Я вытер вспотевшую ладонь о штаны и достал нож. Глянул в сторону бетонки, потом назад, оценил расстояние в обе стороны. Если вдруг Губер с бригадой заявится, придется рвать когти обратно, за периметр. Они, конечно, могут продолжить гонку и за мостом, но там все-таки ландшафт другой, местность холмистая, деревья повалены. Много укрытий. А главное: в укрытиях – наши. Здесь же как на ладони, и если мы со Штырем видим отсюда стены губерского имения, то, понятное дело, оттуда нас тоже можно приметить.

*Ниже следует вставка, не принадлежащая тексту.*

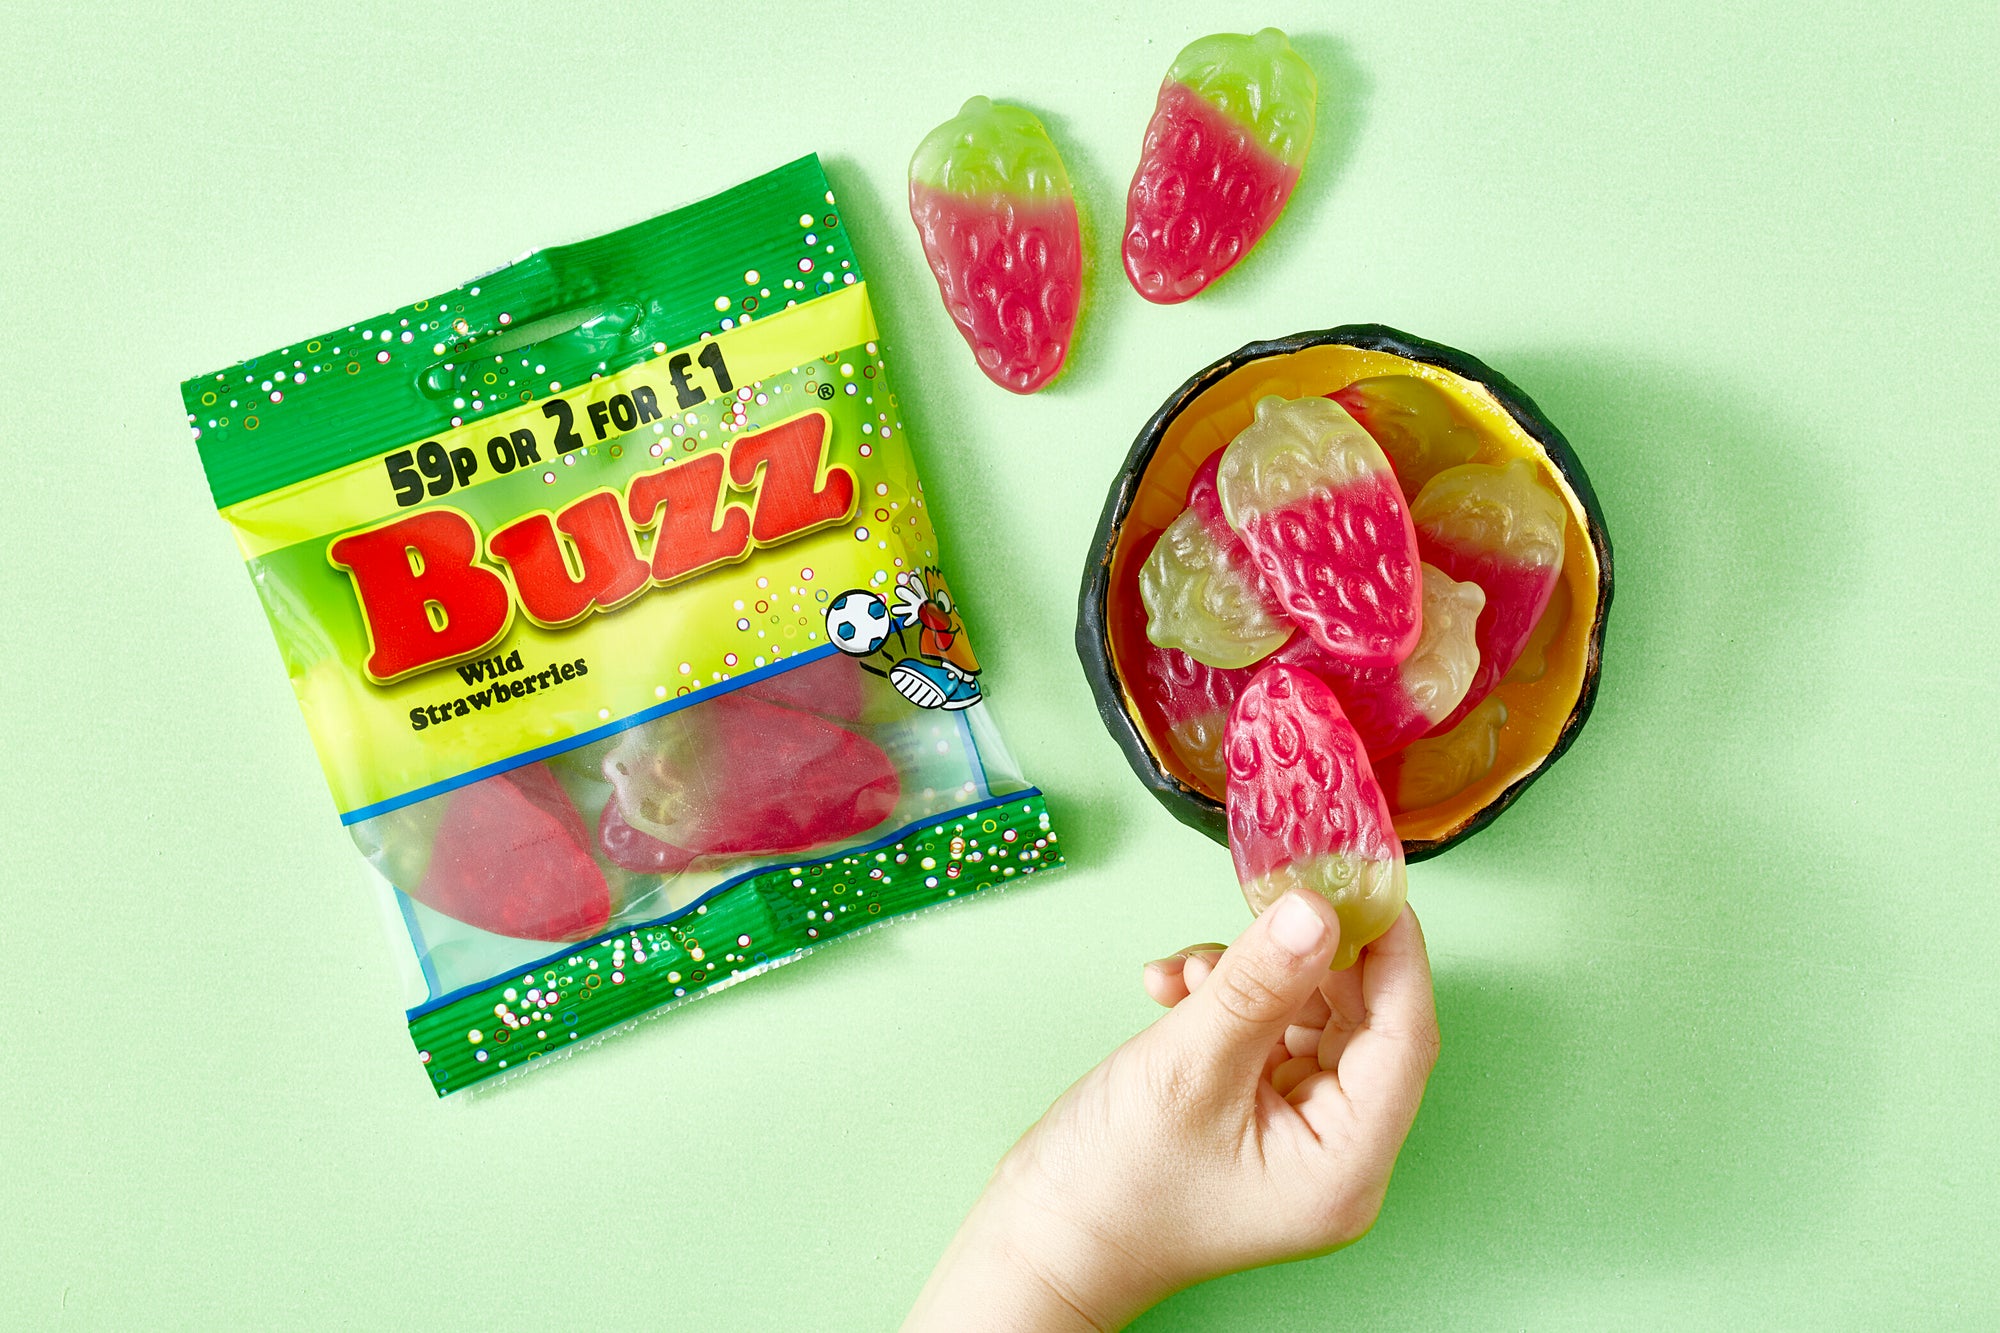 Buzz Sweets Wild Strawberries | Kids Bags
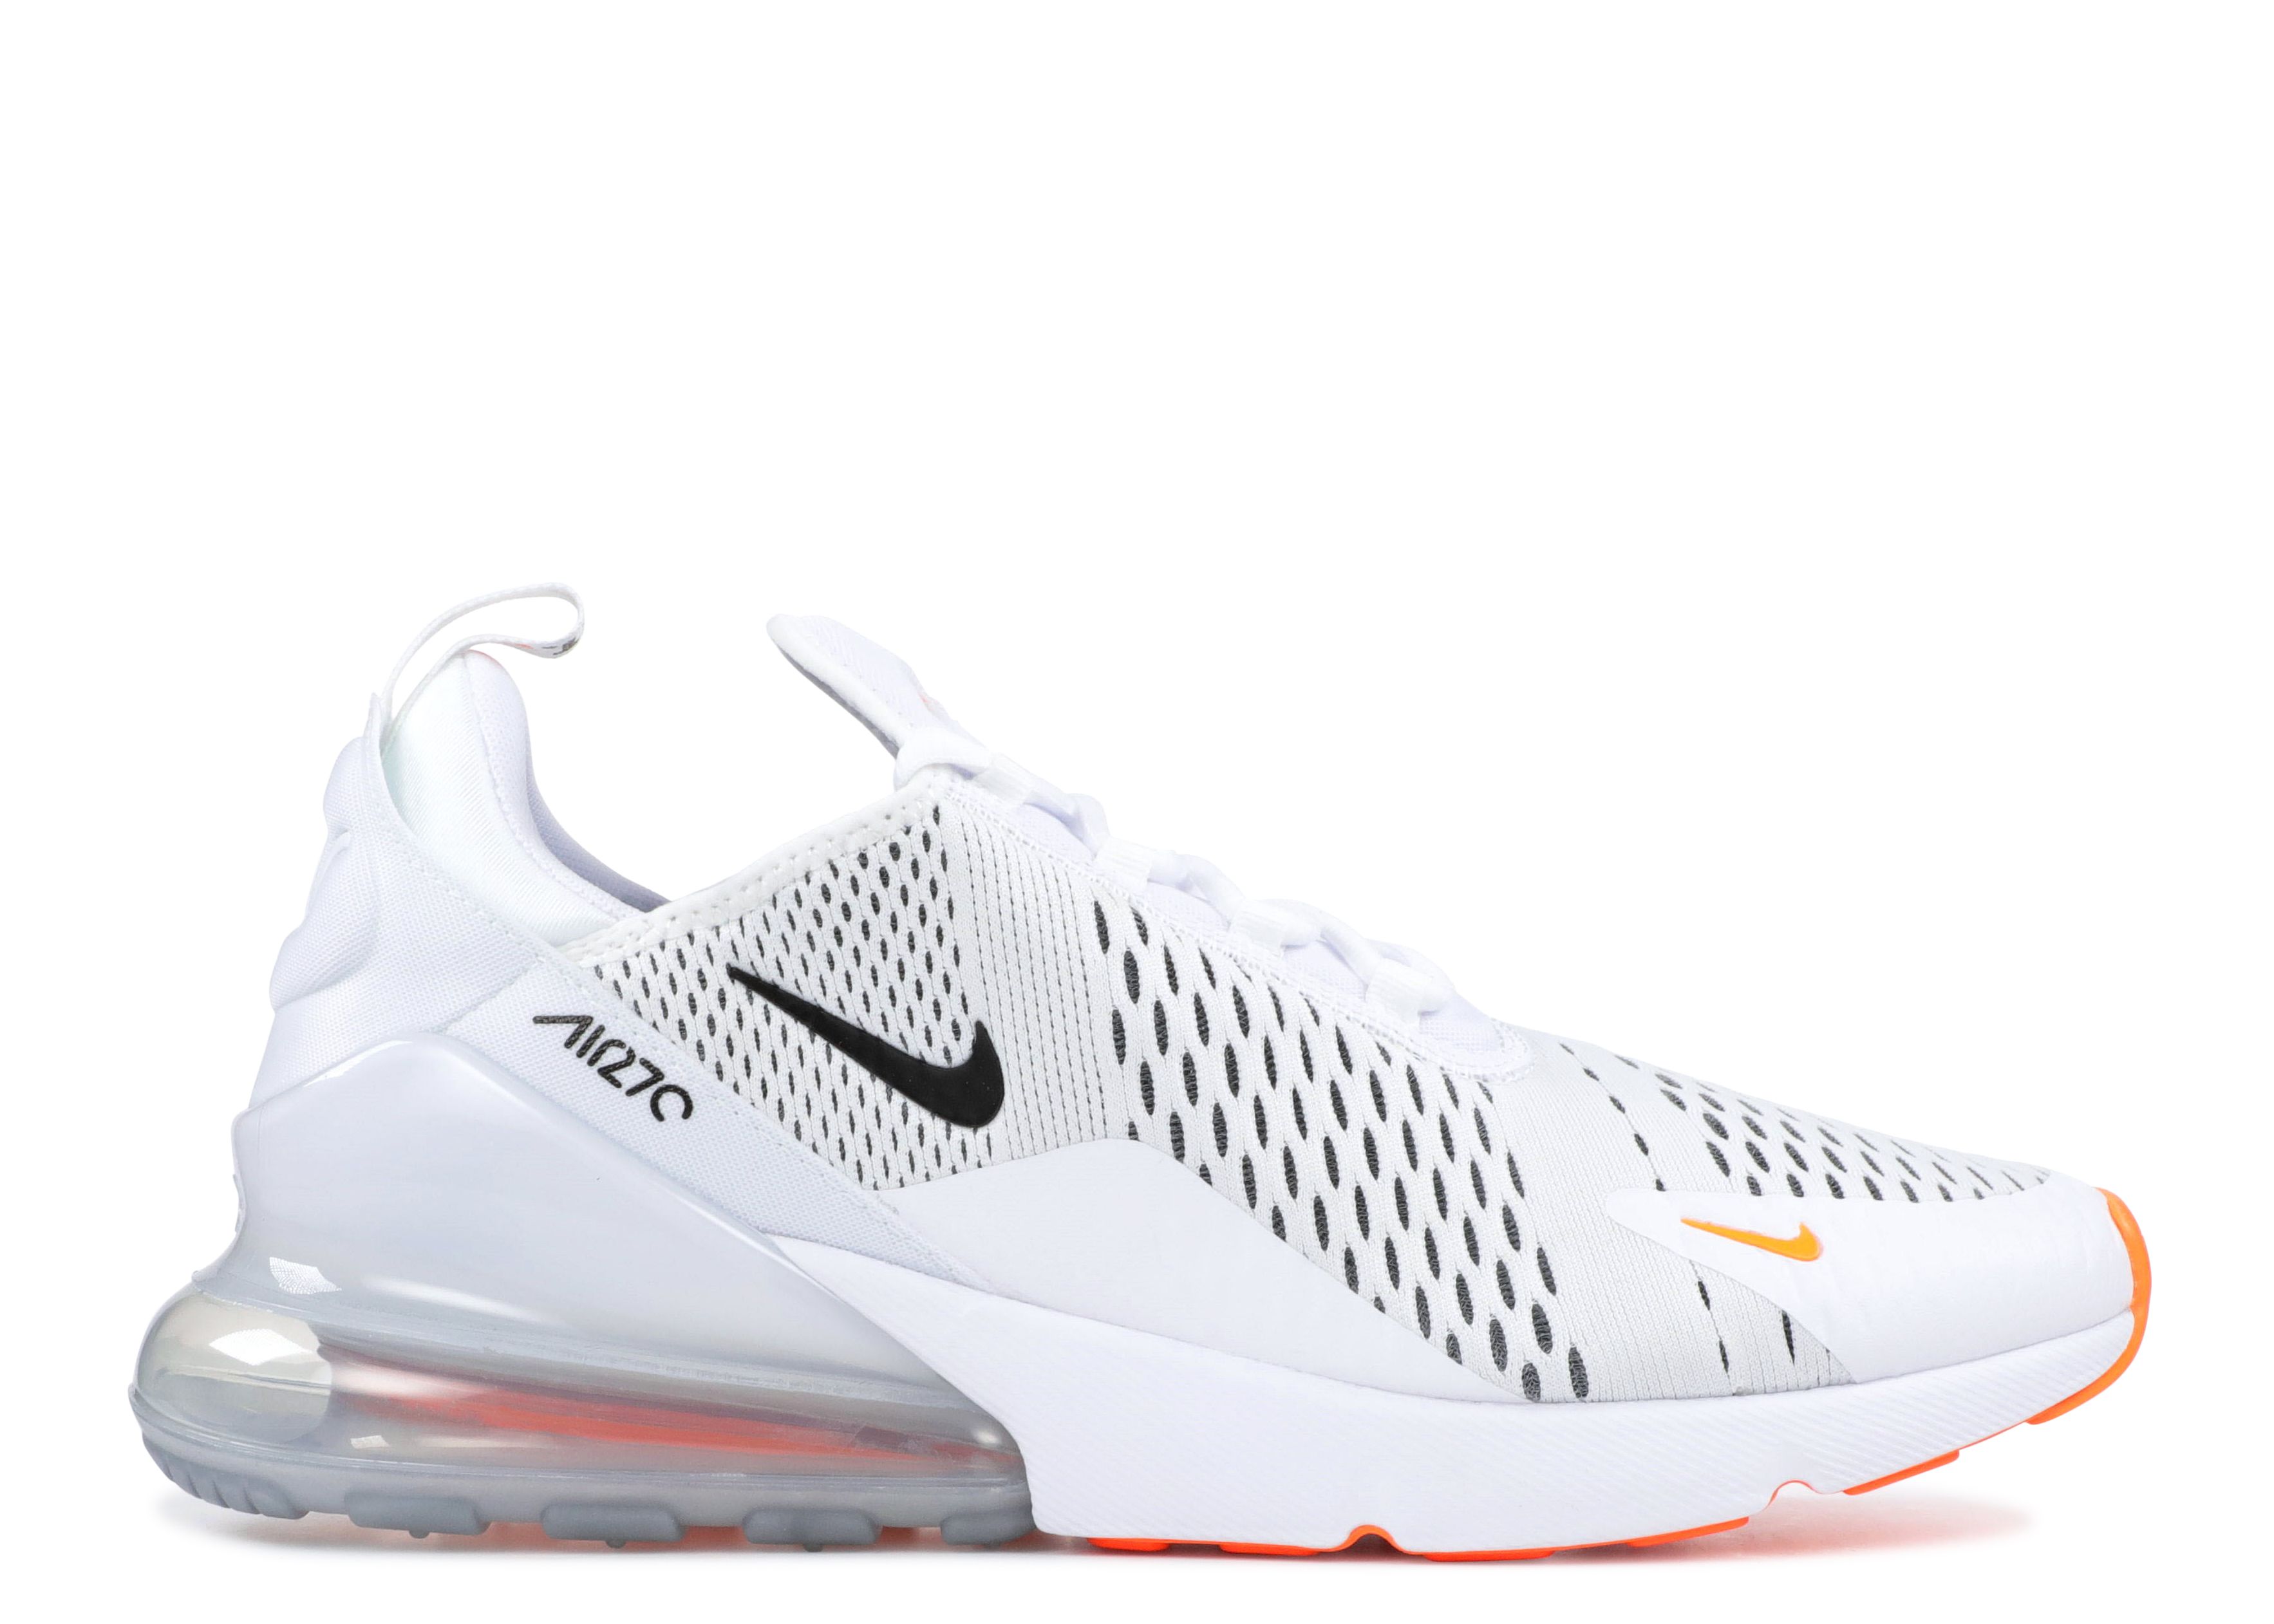 Кроссовки Nike Air Max 270 'Just Do It', белый кроссовки nike react live just do it белый красный

– Что-то мне уже не кажется удачной твоя затея пойти сюда на разведку…
– Тише. Слышишь?
– Да.
Я боялся услышать звук ревущих моторов, но вместо этого до ушей донесся… плач? Точно, плач. Или даже скорее – тихое поскуливание. Этот тоненький вой можно было бы принять за злые шутки гулящего ветра, если б нас не укрывал от него подъем к переправе. Если бы в этих краях еще жил ветер. И если бы вой не прерывался время от времени жалобными всхлипами.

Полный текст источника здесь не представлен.